Food processing involves taking raw food materials such as grains or meats and forming them into new, more convenient and marketable food products. But processing presents many opportunities for food safety problems. Over the years, GAP has represented numerous whistleblowers, both corporate and government, who have made startling disclosures about the dangers associated with the processing of food. FIC is committed to enabling whistleblowers to tell the truth about food processing hazards.
When most people think of processed food, sugar laden, high fat snack foods come to mind. In reality, processing is applied to most foods available at the supermarket, including cereal, bread, peanut butter, frozen peas, and bacon. Not all processing may be dangerous to consumers – but it does increase exposure to harmful contaminants and additives, or involve chemical changes that may have health implications.
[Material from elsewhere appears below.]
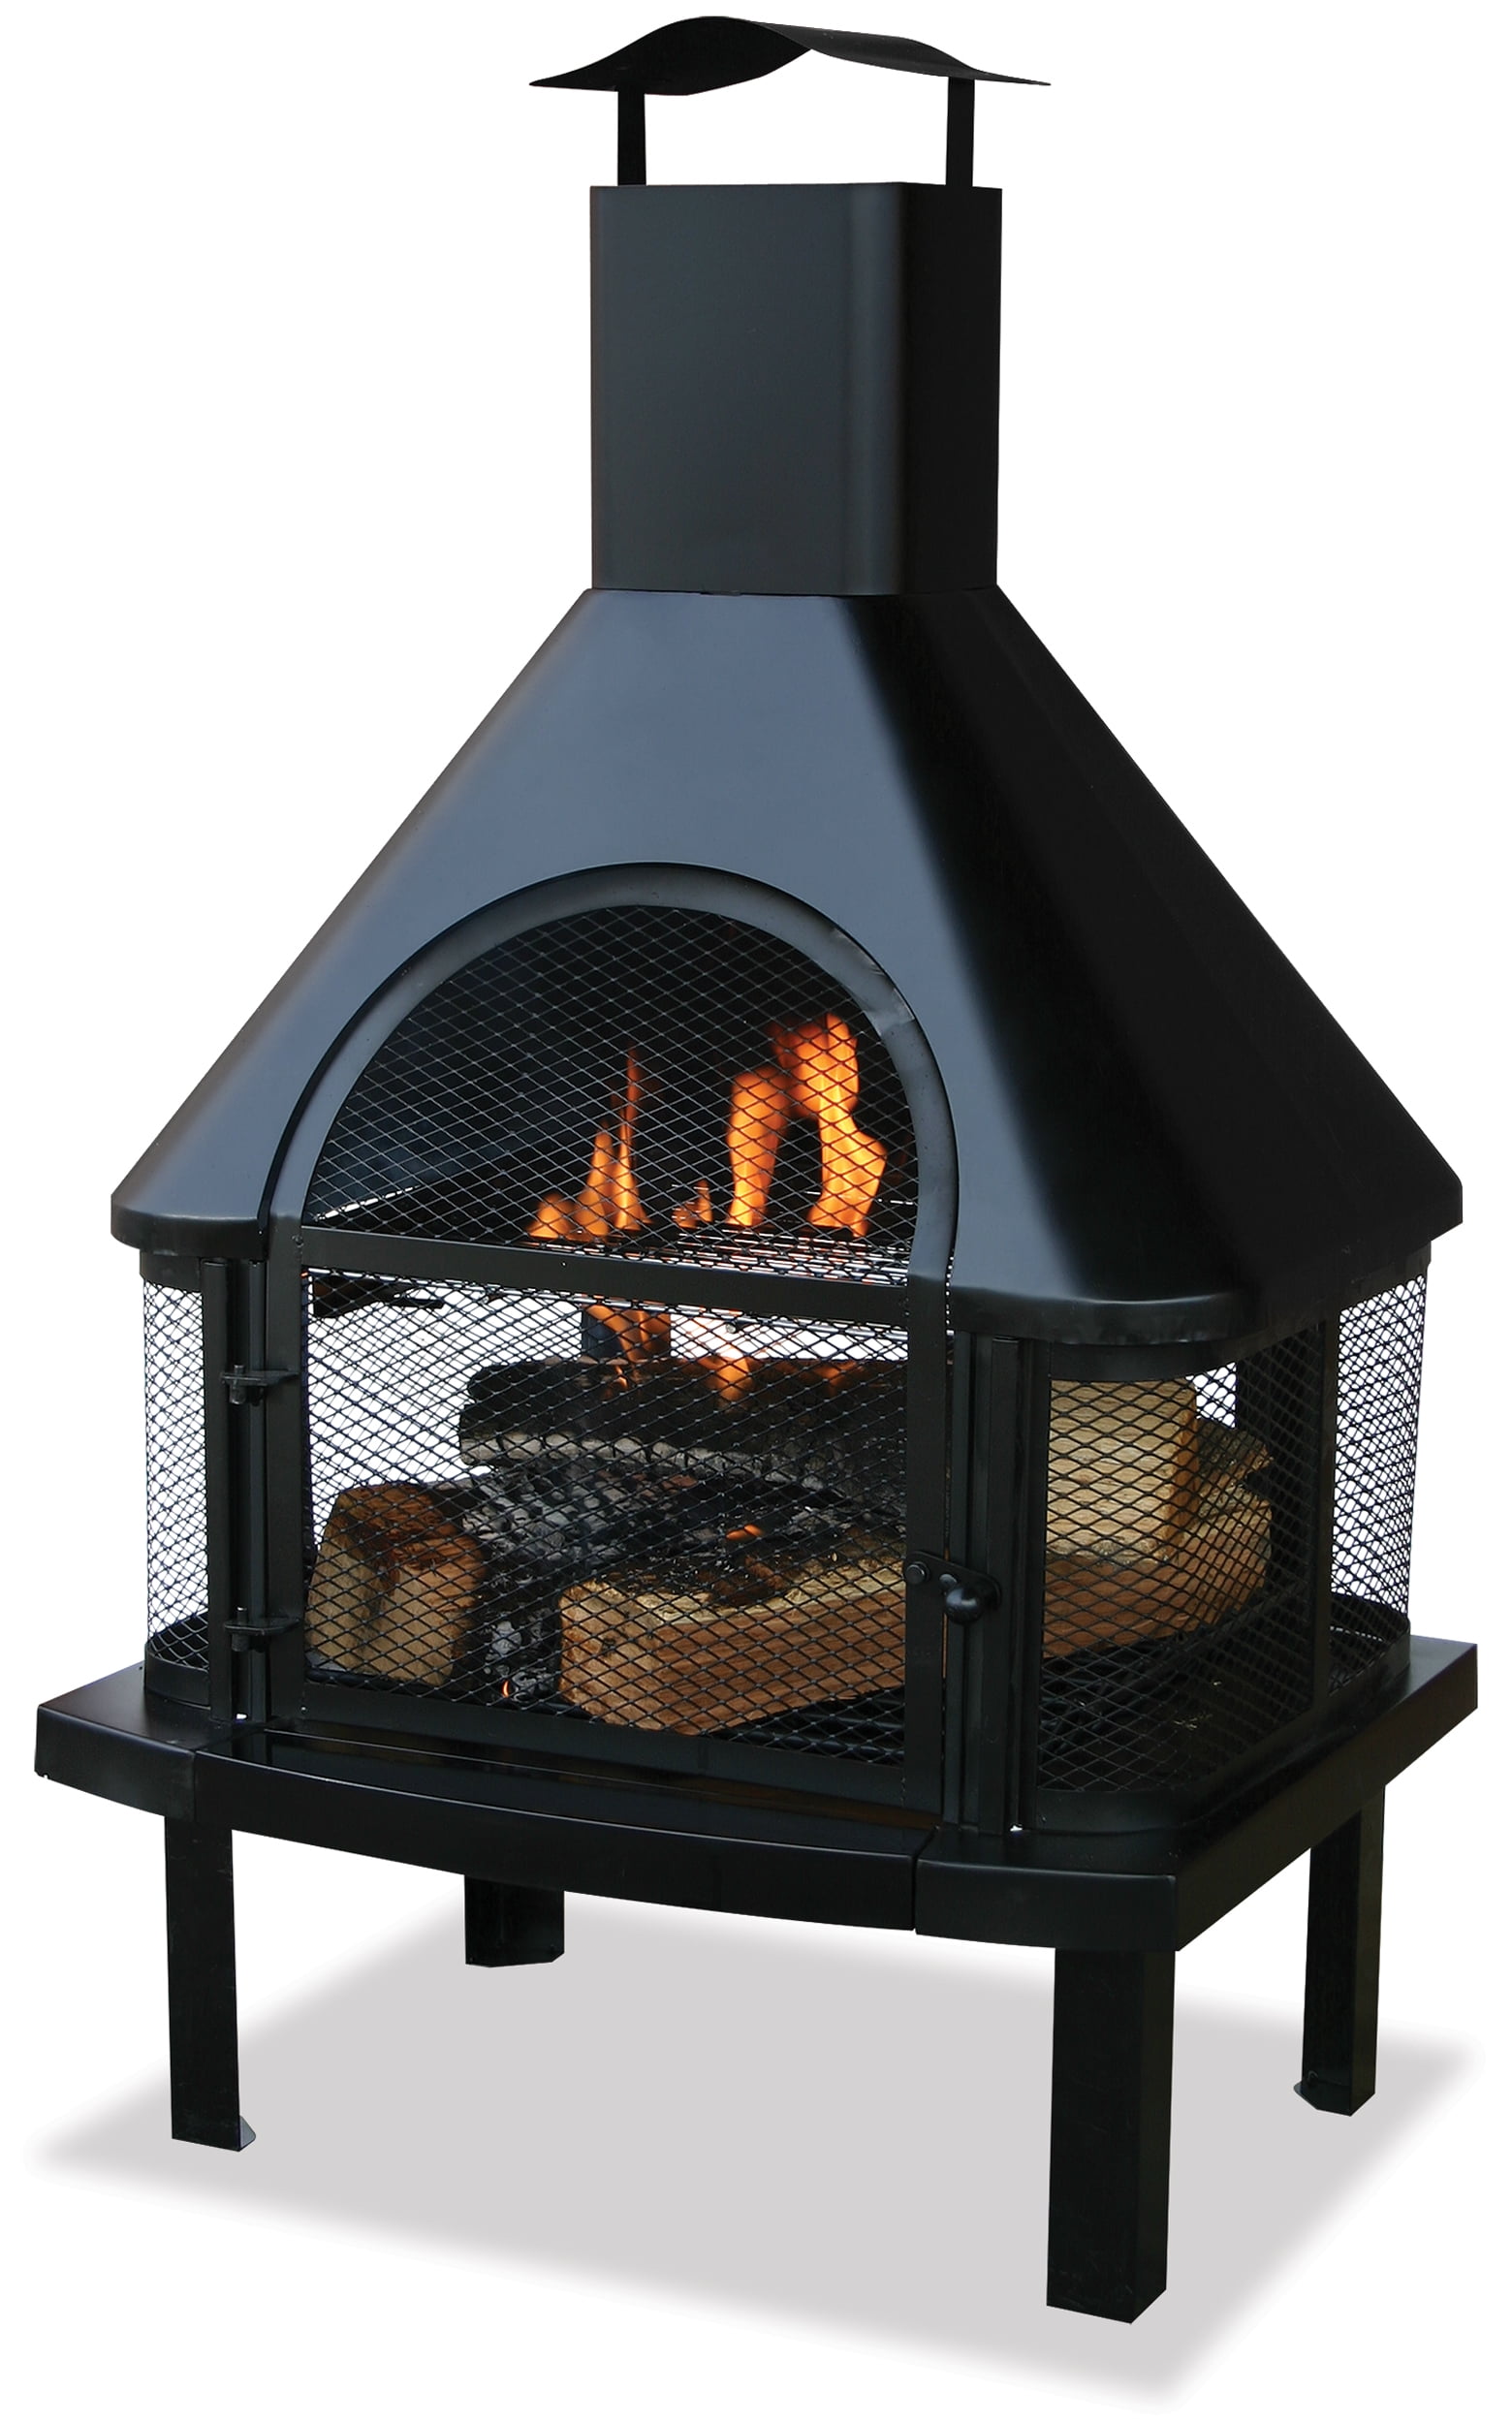 Details about   Patio Fireplace Wood Burning Steel Rolling Portable Fire Pit Stove Round Screen

GAP has a long history of working with whistleblowers who have exposed dangerous problems inherent in processing. Early whistleblower pioneer John Coplin exposed the widespread and routine practice of quality-grading bribery (falsely grading cattle too highly), and regular trading of dead, diseased or dying cows (otherwise known as “3D Cows”). Veterinarian Carl Telleen exposed how “washing” poultry actually means soaking it in “fecal soup” to increase water weight, causing a 33 percent salmonella contamination rate. Southern California USDA inspectors exposed regular commerce in beef contaminated with feces and other filth. GAP stood with these whistleblowers and countless others who have come forward to expose potentially lethal food safety practices.
Contamination is often the result of foodborne pathogens or chemical reactions between the product and the processing (fermentation, grilling, etc.).
Deadly pathogens like E. coli, botulinum toxin, and salmonella can increase and spread as a result of improper food handling and hygiene. Consider that just one contaminated cow can lead to a massive outbreak of sickness and death – and you see how lethal contamination can be.
Processing frequently involves the use of additives. But the food industry is careful to make sure that not all things “added” to food are listed on the label of the product. Some additives are actually part of the packaging itself. Furthermore, companies often find a loophole to having their products undergo much-needed and extensive FDA review before they end up on your dinner table.
Many processing problems are the result of insufficient government authority to regulate the food industry. Government inspectors are central to protecting food integrity – but the current system of oversight is unreasonably compartmentalized, inefficient, and too cozy with the industries it regulates.